Ramus now devoted himself exclusively to the study of mathematics, and to prepare an edition of Euclid. Cardinals Charles de Bourbon and Charles de Lorraine befriended him, and through their influence he was permitted to begin a course of lectures on rhetoric at the College de Presles, the plague having driven away numbers of students from Paris. He was finally, in 1545, named principal of this college, and the Sorbonne ineffectually endeavored to eject him on the ground of the royal prohibitory decree. The decree was cancelled in 1545, through the influence of the cardinal de Lorraine.
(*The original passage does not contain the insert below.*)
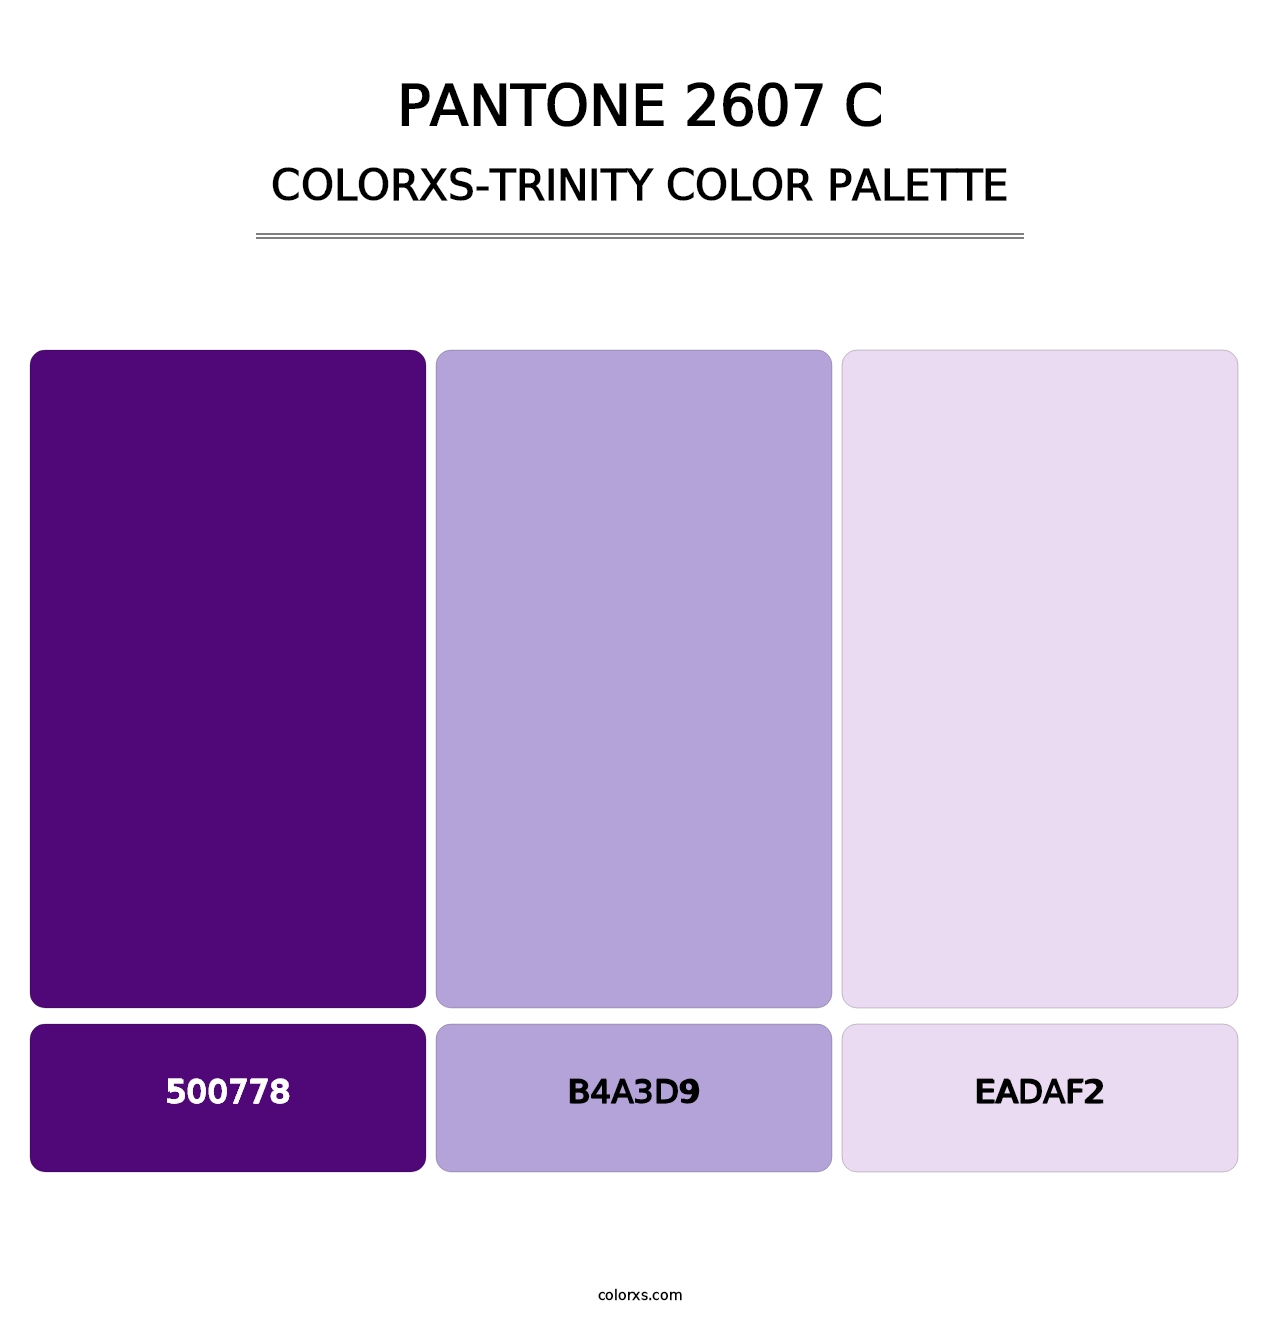 PANTONE 2607 C - Colorxs Trinity Palette

Ramus raised the College de Presles from a condition of decay to the height of prosperity, and his reputation went over all the land as an educator as well as philosopher. In 1551 cardinal Lorraine succeeded in instituting for him a chair of eloquence and philosophy at the College Royal, and his inaugural address (Pro Philosophica Disciplina [Paris, 1551]) is reckoned a masterpiece of the kind. He devoted the first eight years of his teaching to the first three of the "liberal arts" (grammar, rhetoric, and logic), which he called elementary or exoteric, and published three grammars successively Greek, Latin, and French. He also mingled largely in the literary and scholastic disputes of the time, and on account of his bustling activity came under the satire of Rabelais. But though Ramus had innumerable adversaries, he might have defied them all, so great was his influence at court, had his love of "reformation" not displayed itself in religion as well as in logic. In an evil hour (for his own comfort) he embraced Protestantism. He had long been suspected of a leaning that way, and, as we have seen, his intellect was by nature scornfully rebellious towards the ipse dixit of "authority;" but he had for years decently conformed to the practices of the Catholic cult, and it was only after cardiual Lorraine, in reply to the Conference of Poissy (1561), frankly admitted the abuses of the Church and the vices of the clergy that he ventured formally to abjure the older faith. The outbreak of the religious wars in France plunged him into the dangers of the time, and he finally perished in the fatal massacre of St. Bartholomew, August, 1572. It is believed that he was assassinated at the instigation of one of his most violent and persistent enemies, Charpentier, rector of the College de Presles. (See Ramists).